# Lure colors ?



## monte39 (Nov 24, 2011)

I've been doing research on lure colors for different water conditions (stained or clear), but haven't found anything specifically for musky. So I thought I'd ask here. Do any of you guys change your lure color for each type of water, or doesn't it matter. I'm new to musky fishing got three last year still obsessed can't wait for spring. Any help would be appreciated thanks.


----------



## Anzomcik (Jul 28, 2010)

Every one will have an opinion on this, so here is mine.

I put on a bait that I can see coming in the water. If i cant see the bait on my retrieve then it is that much harder to spot a follow. 

I use alot of pure white baits for this reason. They can be seen in muddy, alge, or clear water. I catch fish on them to. So I see no need to make it complicated, if i can see it I will fish it


----------



## MuskieJim (Apr 11, 2007)

A great way to start building a lure collection you'll actually use is purchasing 2 lures when you get new ones. One hot color, one natural. You don't need every single color that's for sure! I have rarely seen a day where muskies are color specific like walleyes.


Posted using Outdoor Hub Campfire


----------



## Catproinnovations (Dec 8, 2009)

Muddy I run hot colors clear i run natural but that is correct with the white scenerio below that's basic rule of thumb for clear and muddy. but don't get me wrong any color can work any time. 

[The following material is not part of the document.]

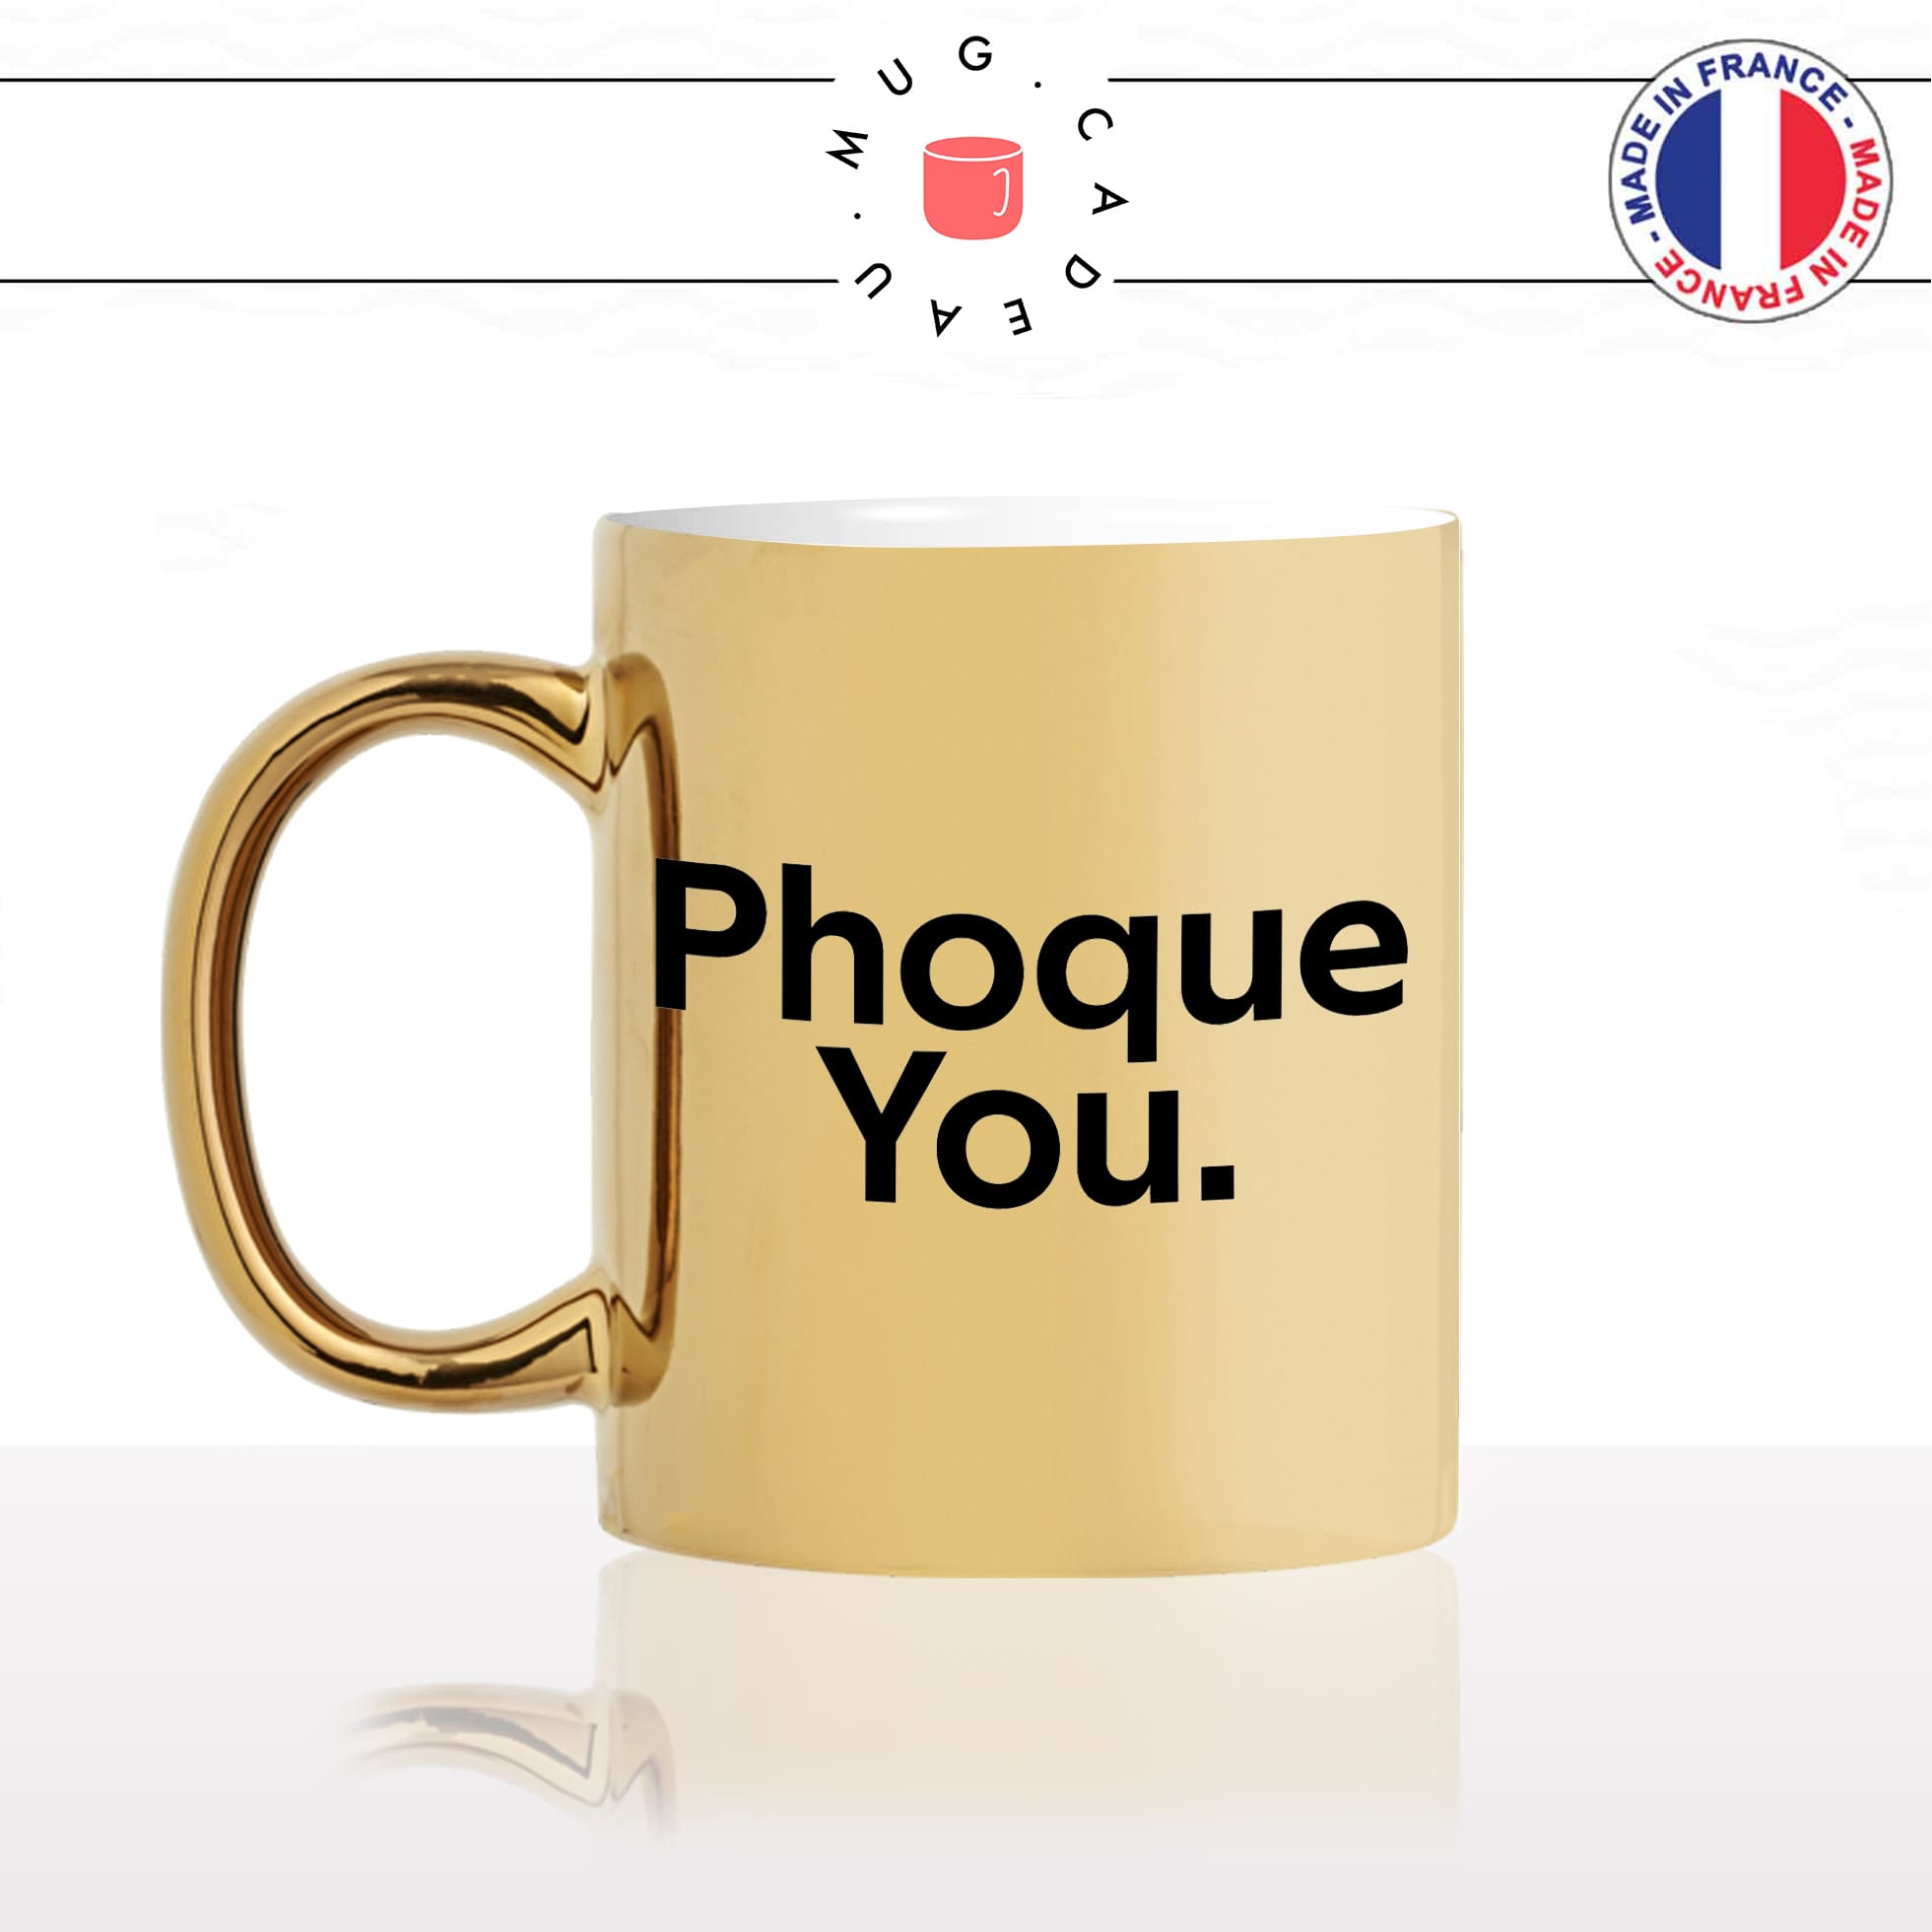 mug-tasse-or-doré-gold-phoque-you-fuck-u-animal-drole-humour-fun-idée-cadeau-originale-cool

Outdoor Hub mobile, the outdoor information engine


----------



## Legend killer (Apr 20, 2011)

Black and bright. I seldom use natural colors. No lakes around me crystal clear.


----------



## Roscoe (Jul 22, 2007)

I think the way you work your lure is more important than color.But I like Black all the way.



Roscoe


----------



## ShutUpNFish (Apr 17, 2007)

If you have put enough time in enough various lakes, rivers and streams; you will certainly find that what colors work at one place may not work as well at another. The same goes with size and types of baits. However, I have also found that what might work at any given body of water one year may be different the next. One of the reasons this sport constantly keeps you guessing, even when you think you finally might have them semi-figured out. Thats why I believe its good to be versitile and prepared with a little of everything and anything when it comes to baits, colors, sizes and even tactics and methods.

As a general rule though, I have found that natural colors will produce more in clearer water and bright colors seem more effective in dingy water. Light penetration will also effect the visability underwater so dark vs. light days can also effect color. Then again many guys do very well on straight black baits at night....go figure.

I agree with the above....I feel action and vibration are far more attracting.


----------



## Burks (Jun 22, 2011)

I've found bright colors work best for me with jerk baits, Fire Tiger and Clown to be precise.

Now inline spinners I don't feel the skirt has really mattered that much, but copper blades seem to be the trick. I've caught muskie on yellow, black, fire tiger, and pink skirts.......but all had copper blades.


----------



## Mason52 (Aug 21, 2009)

Up north in the quote, unquote muskie mecca they say any color tail on a bucktail is OK as long as it's black.  I did read that before. All my bucktails either have a black tail or a white tail.. Well most of them anyway.....Almost all other bait I'll throw any color. I do like firetiger pretty good and I could care less what the water looks like. Clear, muddy, stained if they want it they can find it.. Just my opinion.


----------



## crittergitter (Jun 9, 2005)

If I can see it then they can see it. Like Paul said, if you fish a body of water long enough you'll find there are certain colors that will trigger the fish to bite. 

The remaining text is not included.